Will Stafford. Good-looking. A single guy. The women were attracted to him. Natalie Frieze had given him a mighty warm kiss when she came in. Right in front of her husband, too. Had Martha Lawrence been attracted to him? Tommy wondered.
There were four other couples, each wife distinctly remembering that her husband never left the house early that morning. Would they lie rather than let their husbands come under any hint of suspicion? Maybe.
Tommy could visualize any one of these men saying to his wife, “Just because I went out for an early walk for ten minutes doesn’t mean I want the whole town to wonder if I might have committed a murder. I didn’t run into anybody. Let’s just agree that I wasn’t out of your sight all morning.”
Mrs. Joyce. Late seventies. Longtime friend of the senior Lawrences. After the initial investigation, he’d never had much chance to talk to her. She didn’t have a home here anymore. Stayed at The Breakers for a month or so every summer. She’d come up for the memorial Mass.
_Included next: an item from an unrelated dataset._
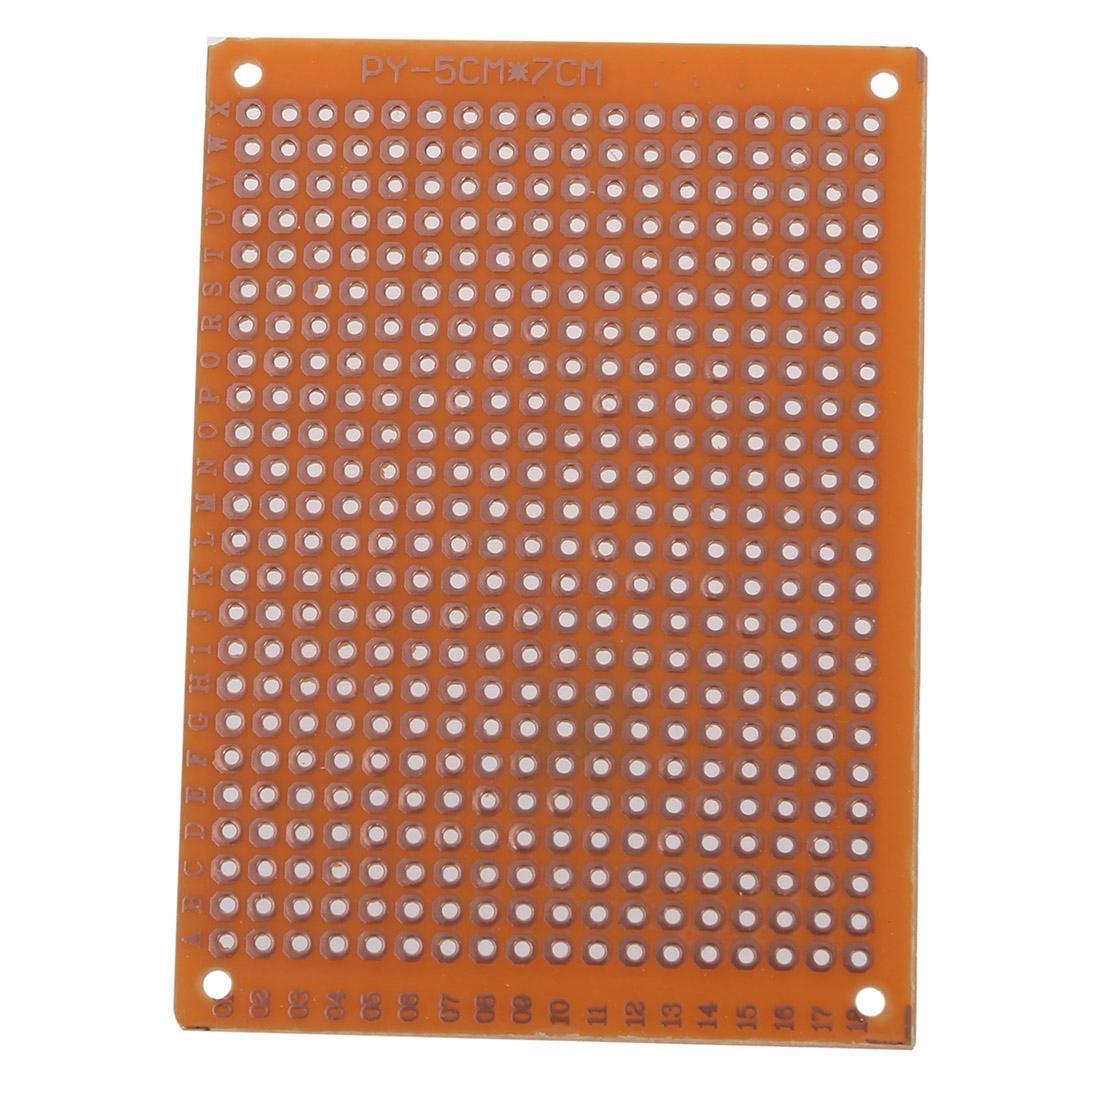 SODIAL Clasico 10pzs PCB prototipo terminado soldadura para placa de circuito Tablero de circuitos BI4U R
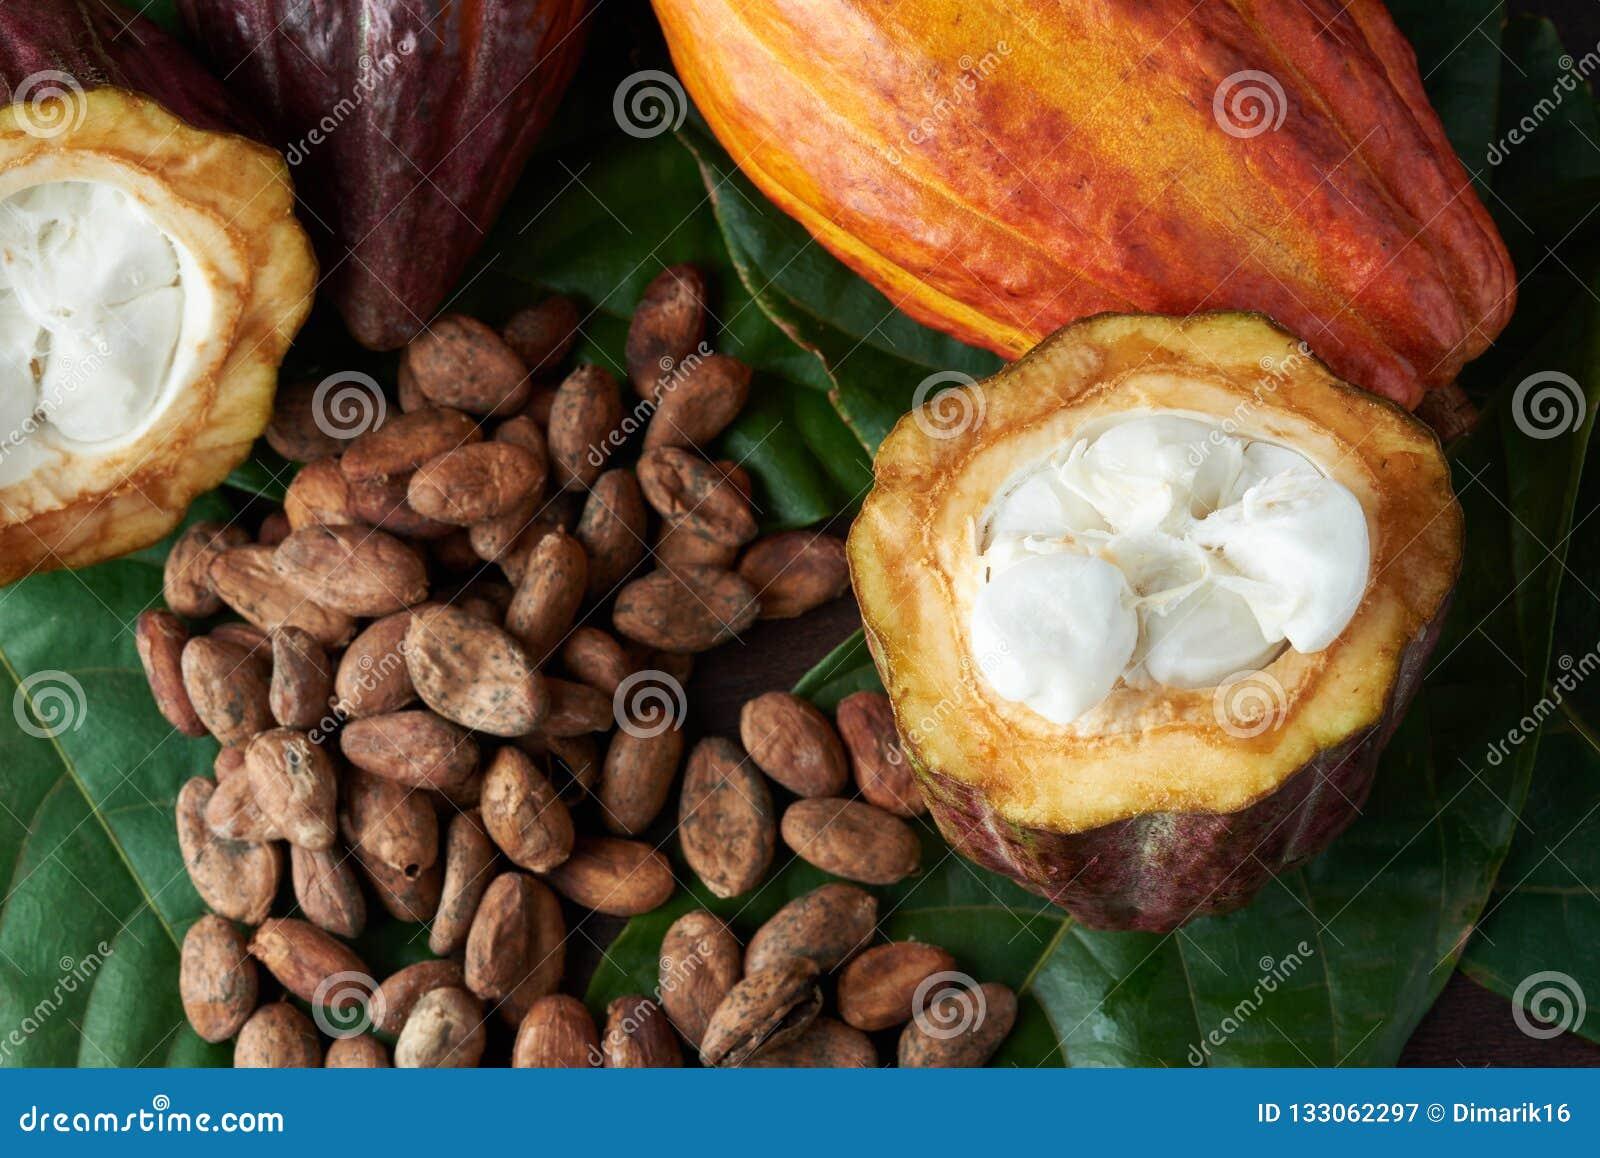 Cacao plant close-up

“Why don’t I start with you, Mr. Turner?” Tommy asked, then turned to Pete Walsh. “All set?”
They had decided how they would conduct the sessions. Not quite good cop-bad cop, but Pete would sit behind the person being interviewed, the notes of all the previous statements in his hand, and interrupt whenever he found a discrepancy.
That technique always rattled anyone who was trying to conceal something.
Tommy had two questions to ask each of them. The first was, “Do you remember any of the women at the party that night wearing a silver scarf with metallic beading on the edges?” The second, “Have you ever been a patient of Dr. Lillian Madden’s or had a consultation with her?”
As Tommy started to walk across the room to the study, Robert Frieze stopped him. “I must insist that you ask your questions of me before anyone else. I have a restaurant to run, and Saturday night is very busy. I believe I pointed that out to you on the phone the other day.”